Breast implant associated anaplastic large cell lymphoma

A 45-year-old female patient presented with swelling and redness of the left breast. 15 years ago, she underwent cosmetic bilateral breast augmentation. There was no significant medical history. After clinical examination which revealed fluid collection and axillary lymphadenopathy, diagnostic imaging work-up was performed.

Figure 1. Ultrasound shows fluid collection with hypoechoic content

Figure 2. Ultrasound image of clearly visible irregularly shaped solid parts in fluid collection

Figure 3. Sonographically visible enlarged axillary lymph nodes with irregular and thickened cortex

Figure 4. Breast MRI post-contrast subtracted T1 image shows contracted implant and consequently smaller left breast, peri-implant mass type lesions and thickened fibrous capsule

Figure 5. Breast MRI T2-weighted image with fat suppression shows fluid collection with surrounding hypointense lesions

Background Breast implant associated anaplastic large cell lymphoma (BIA-ALCL) is a very rare subtype of T-cell non-Hodgkin lymphoma with an incidence of 0.3% per 100 000 women per year. Occurs most often in patients who have breast implants with textured surface. Aetiology is still unclear, widely thought to be multifactorial. Only known risk factor is textured implant surface, while indication for implant insertion, implant content and location have not been proven as risk factors. This lymphoma type arises in fluid collection surrounding implant or in the fibrous capsule. [1,2]

Clinical Perspective The average time of presentation is between 8-10 years after implant insertion. [2] Patients mostly complain about swelling, redness, pain, rash and asymmetry of the breast because of capsule retraction. Clinical breast examination reveals mass or more often fluid collection.

Imaging Perspective In general, BIA-ALCL is usually presented with only peri-implant effusion (seroma), rarely there is a discreet breast mass with or without effusion, originating from the fibrous capsule. Mass forming disease may have more aggressive courses and worse prognosis. Spreading of disease in regional lymph nodes rarely occurs. [3] Diagnostic mammography shows asymmetry around implant in comparison with contralateral breast, not adequately distinguishing between the effusion and a solid mass. Ultrasound typically shows a complex fluid collection with often seen septa and echogenic content. Sensitivity for detecting discreet mass in effusion is 46%.  MRI also detects fluid, seroma collection with higher sensitivity for mass recognition, capsular thickening and chest wall invasion.  The final diagnosis is set on the basis of fine needle aspiration of fluid collection and tissue biopsy if mass lesion is suspected. Specimens should be undertaken for cytological and histopathological analysis. In case of lymphadenopathy on clinical examination and based on sonographic findings of regional lymph nodes, specimens should also be taken if morphology is suspicious. [4-6]

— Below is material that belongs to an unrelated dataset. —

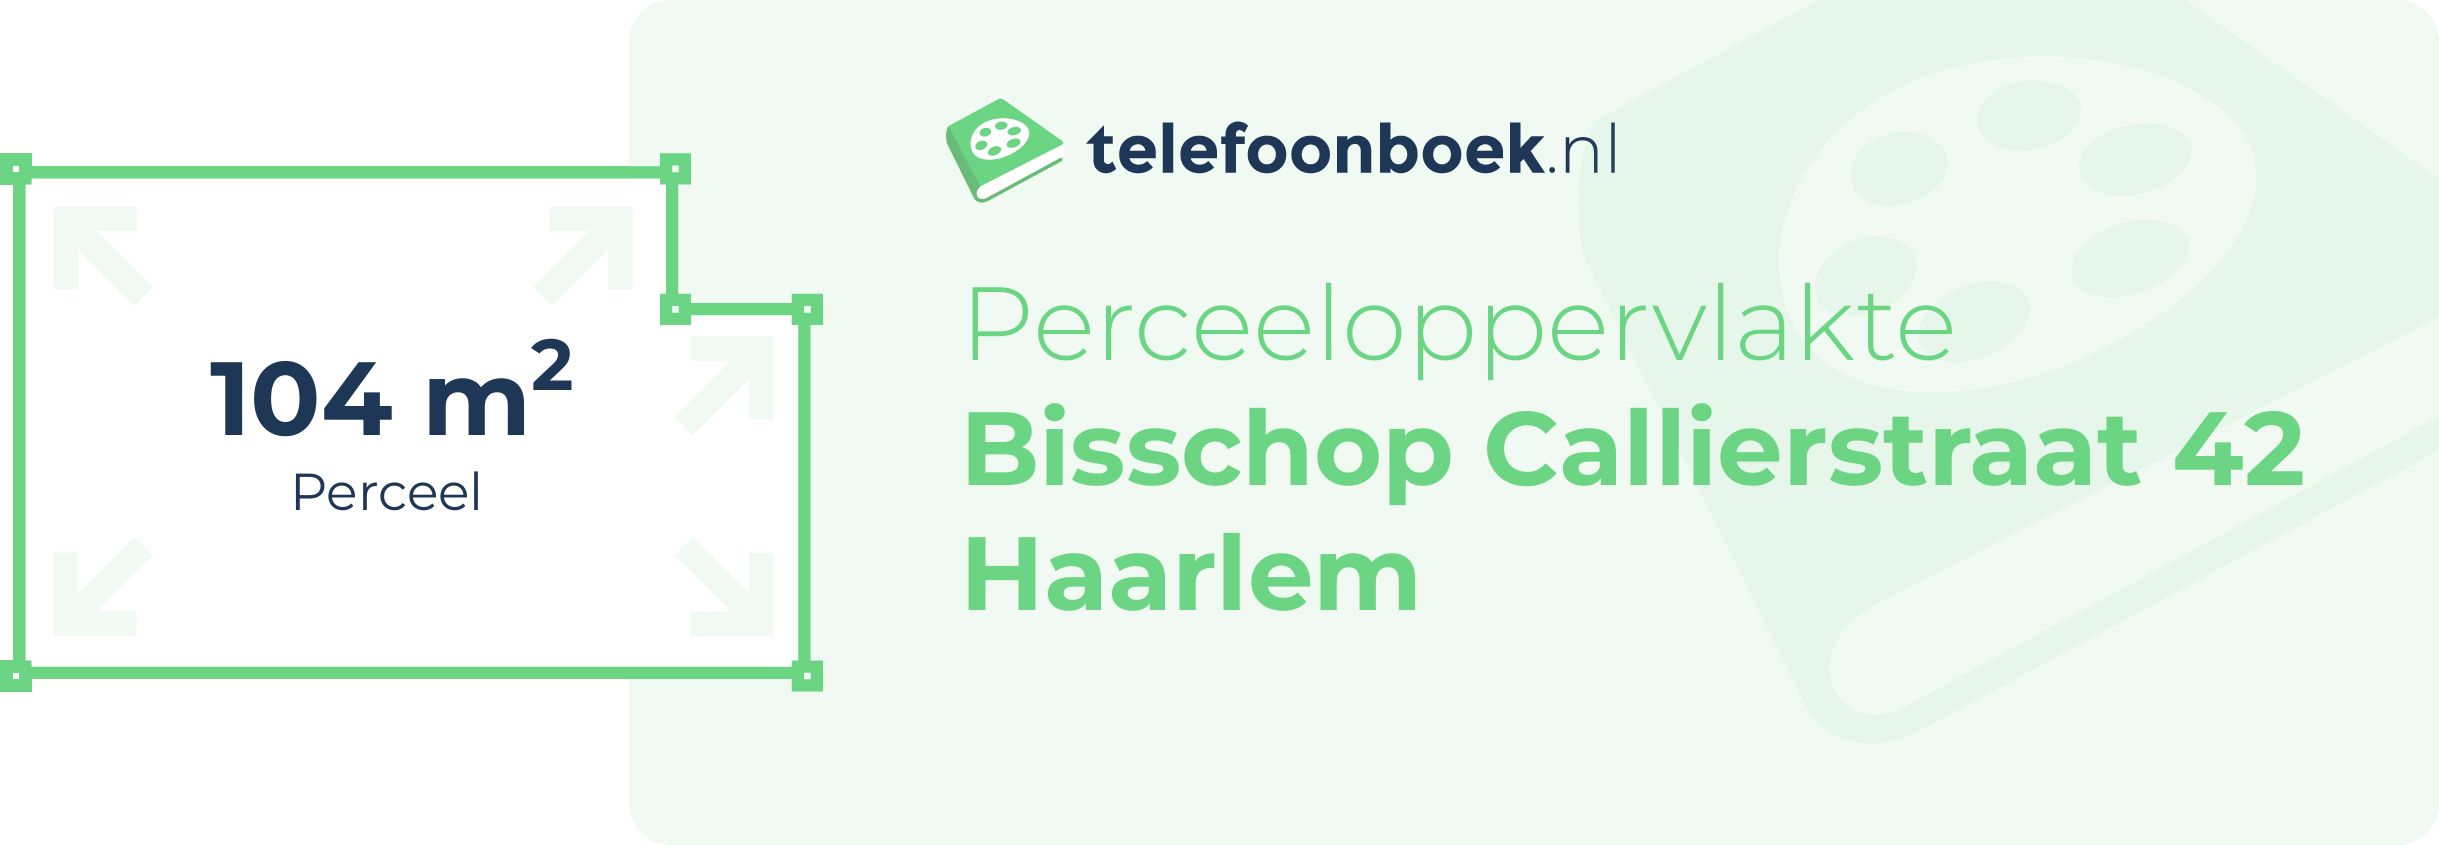 Perceeloppervlakte Bisschop Callierstraat 42 Haarlem

Teaching Points Establishing the diagnosis of BIA-ALCL can be challenging. Imaging modalities appear suboptimal in detection of BIA-ALCL. Underdiagnosing reflects a lack of awareness of this rare entity, suggesting the importance of better understanding of the imaging findings associated with this lymphoma type. Multidisciplinary approach is essential for the diagnosis and therapy management.